Saturday, November 10, 2012

WAS THE ELECTION HACKED?

The Romney-Ryan campaign laid great store in its high-tech Get-Out-The-Vote system, nicknamed "ORCA."

They were counting on using ORCA to coordinate tens of thousands of volunteers in the field, to make sure that Romney-Ryan voters would get to the polls.

And on election day, the system miserably crashed and failed:

Project ORCA was the embodiment of big government, top-down management. Information was sent by volunteers in swing states across the country to Boston, and those in Boston were then tasked with assigning other volunteers in those same swing states to contact those who had not yet been to the polls. Boston was, at best, a detour and an unnecessary middleman in the GOTV efforts, and when that link in the chain broke, Romney’s GOTV effort crumbled on the most crucial day of his campaign. One of the most successful components of Karl Rove’s GOTV efforts with George W. Bush’s campaigns was his small-government ideological approach. Each volunteer was tasked with personally getting a handful of voters from their area to the polls, voters that they were already familiar with from their church, their children’s schools and their community. Instead of this strategy, Boston was the hub; information was sent there and GOTV assignments were delegated from thousands of miles away by Romney staffers largely unfamiliar with individuals and communities. At Ace of Spades, Ekdahl described the organizational approach of Project ORCA: “The bitter irony of this entire endeavor was that a supposedly small government candidate gutted the local structure of GOTV efforts in favor of a centralized, faceless organization in a far off place (in this case, their Boston headquarters).”




Was ORCA’s failure the reason why Romney lost Virginia by almost 116,000 votes, Ohio by 103,000, Iowa by 88,000 or why Florida is still, days later, too close to call? It’s impossible to know what a Romney campaign with working GOTV technology would have been able to accomplish. Ekdahl explained that with the failure of Project ORCA’s organization and its later meltdown on Election Day “30,000+ of the most active and fired-up volunteers were wandering around confused and frustrated when they could have been doing anything else to help.

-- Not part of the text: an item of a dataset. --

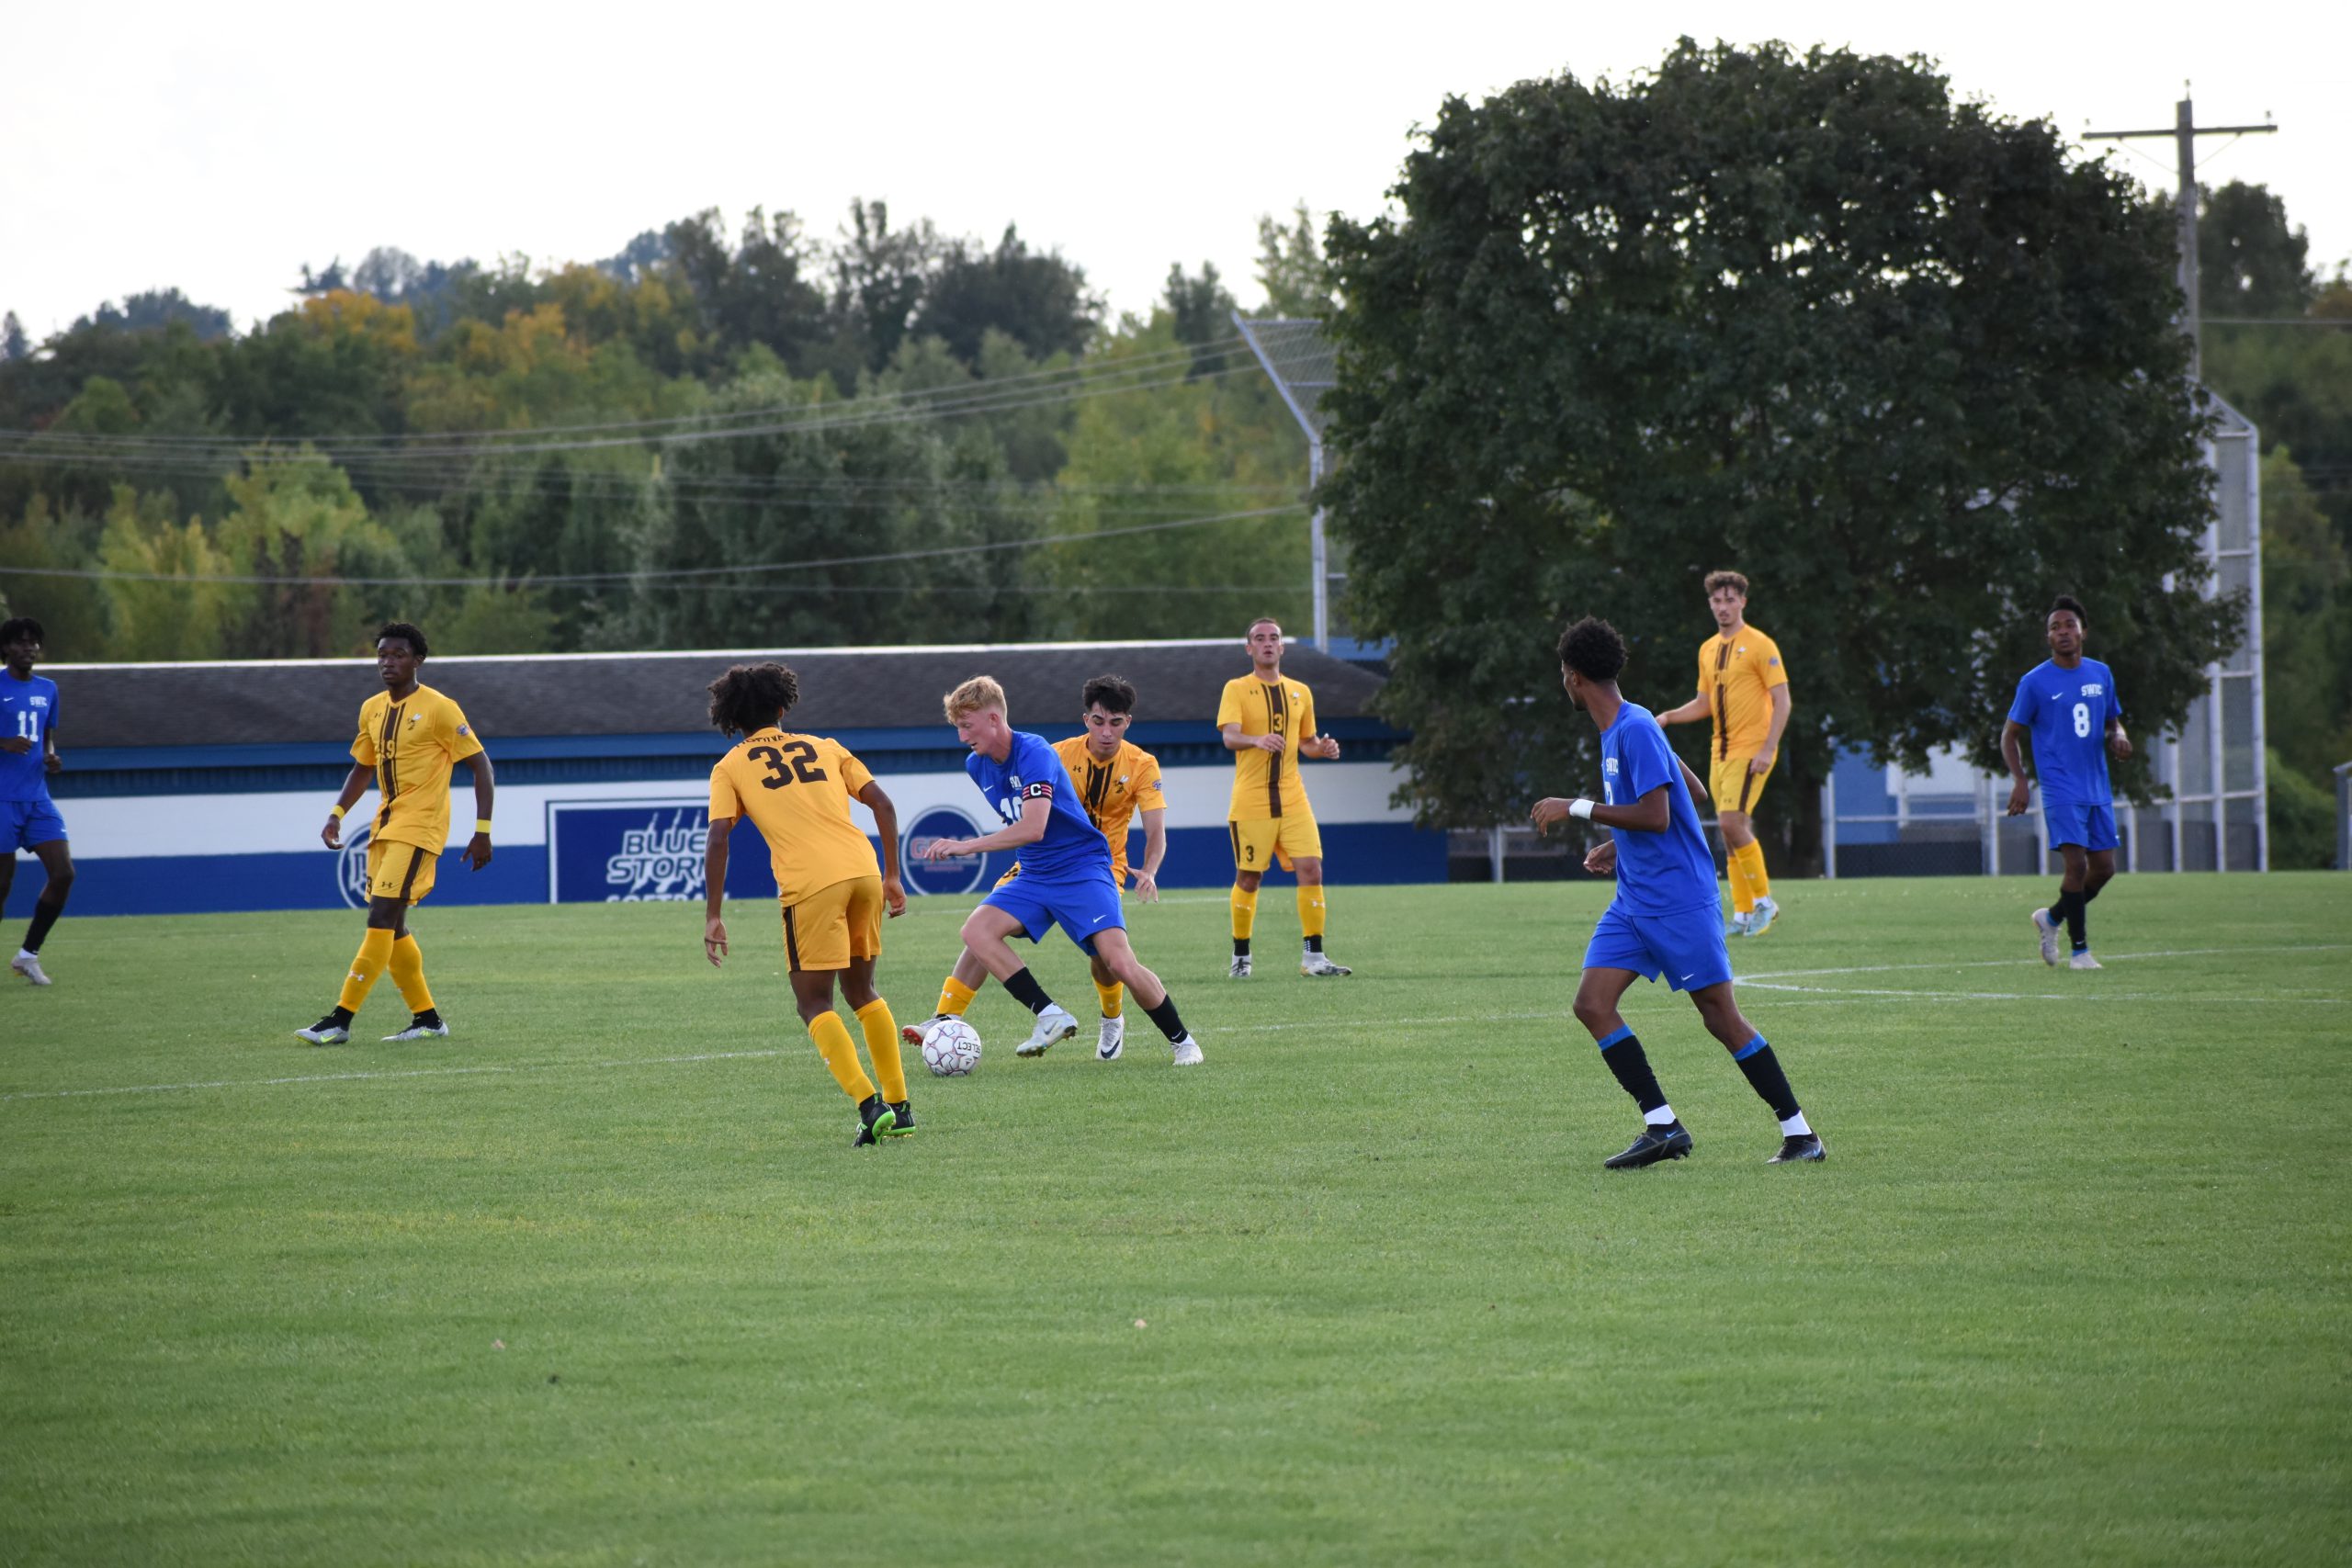 Men's Soccer on the field action shot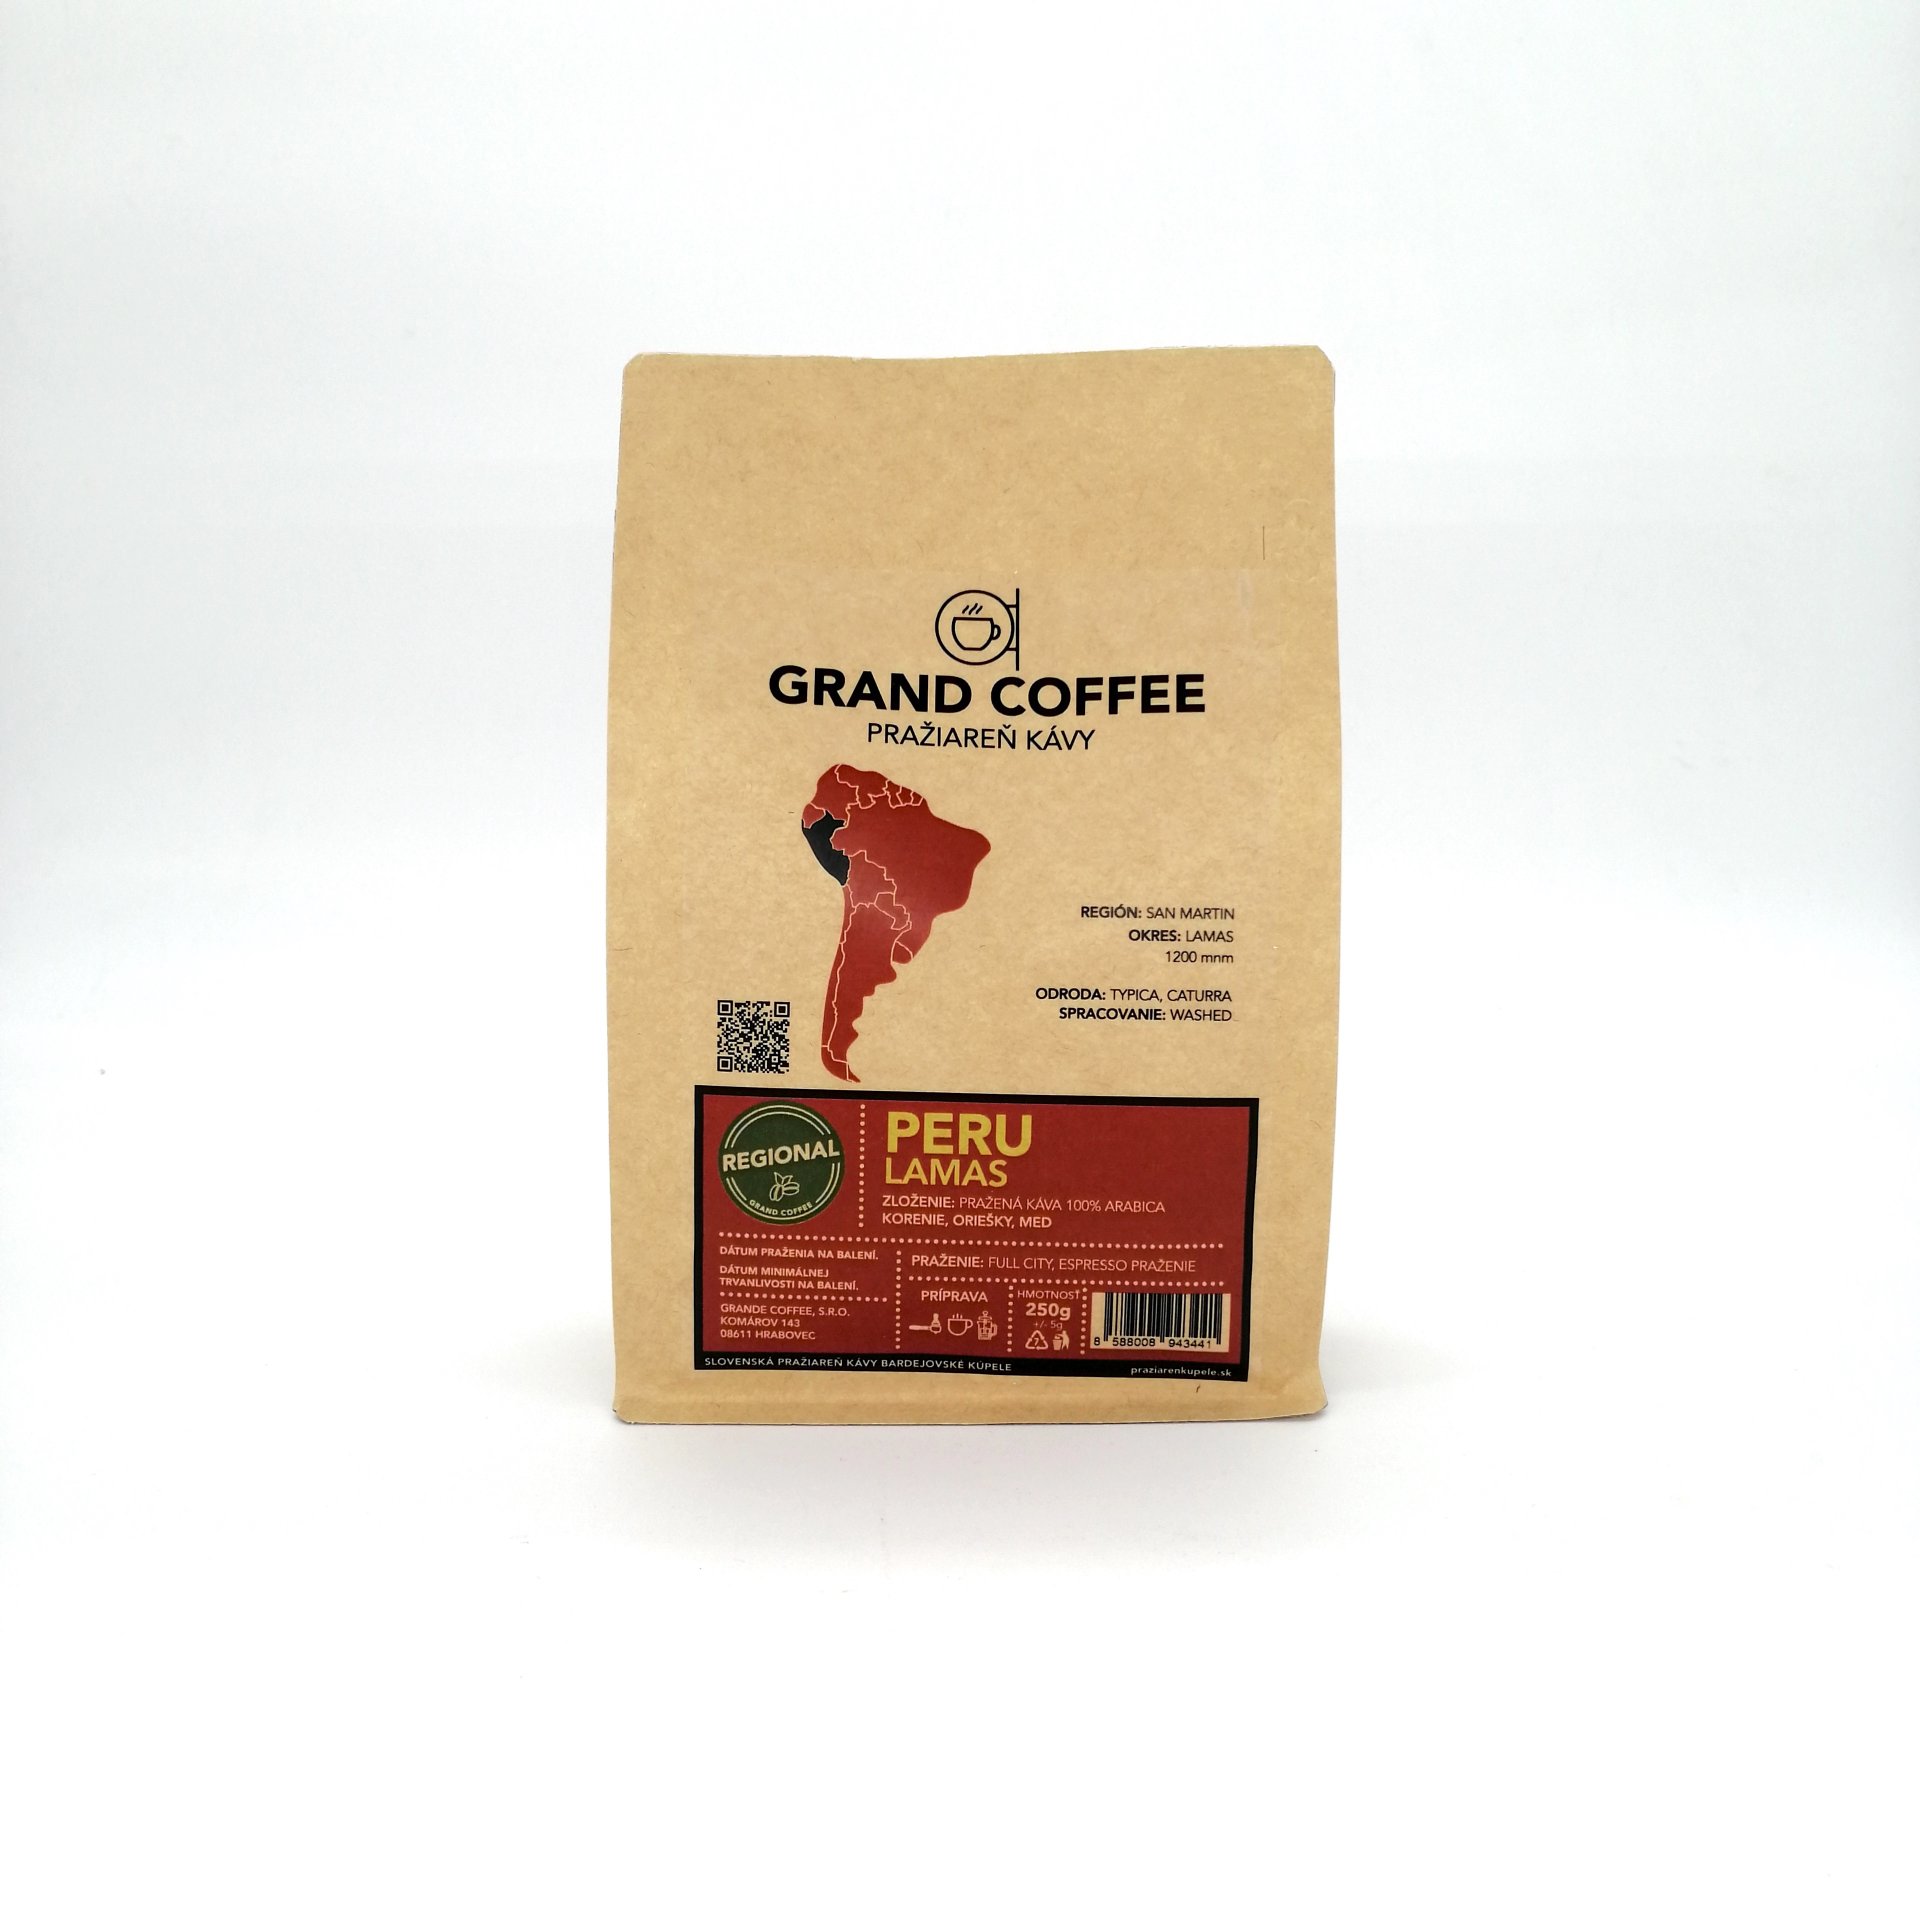 Grande Coffee Peru Lamas 250g

Like driving people to the polls, phone-banking, walking door-to-door, etc.” The possibility that all of the efforts of Romney’s campaign, all of the enthusiasm, went unharnessed and dormant on Election Day when they could’ve at least led to a closer election result, if not a victory, is becoming beyond frustrating for thousands of his staffers, for the millions of Americans who gave their time and money to elect Mitt Romney president as they come to learn just what a disaster ORCA seems to have been.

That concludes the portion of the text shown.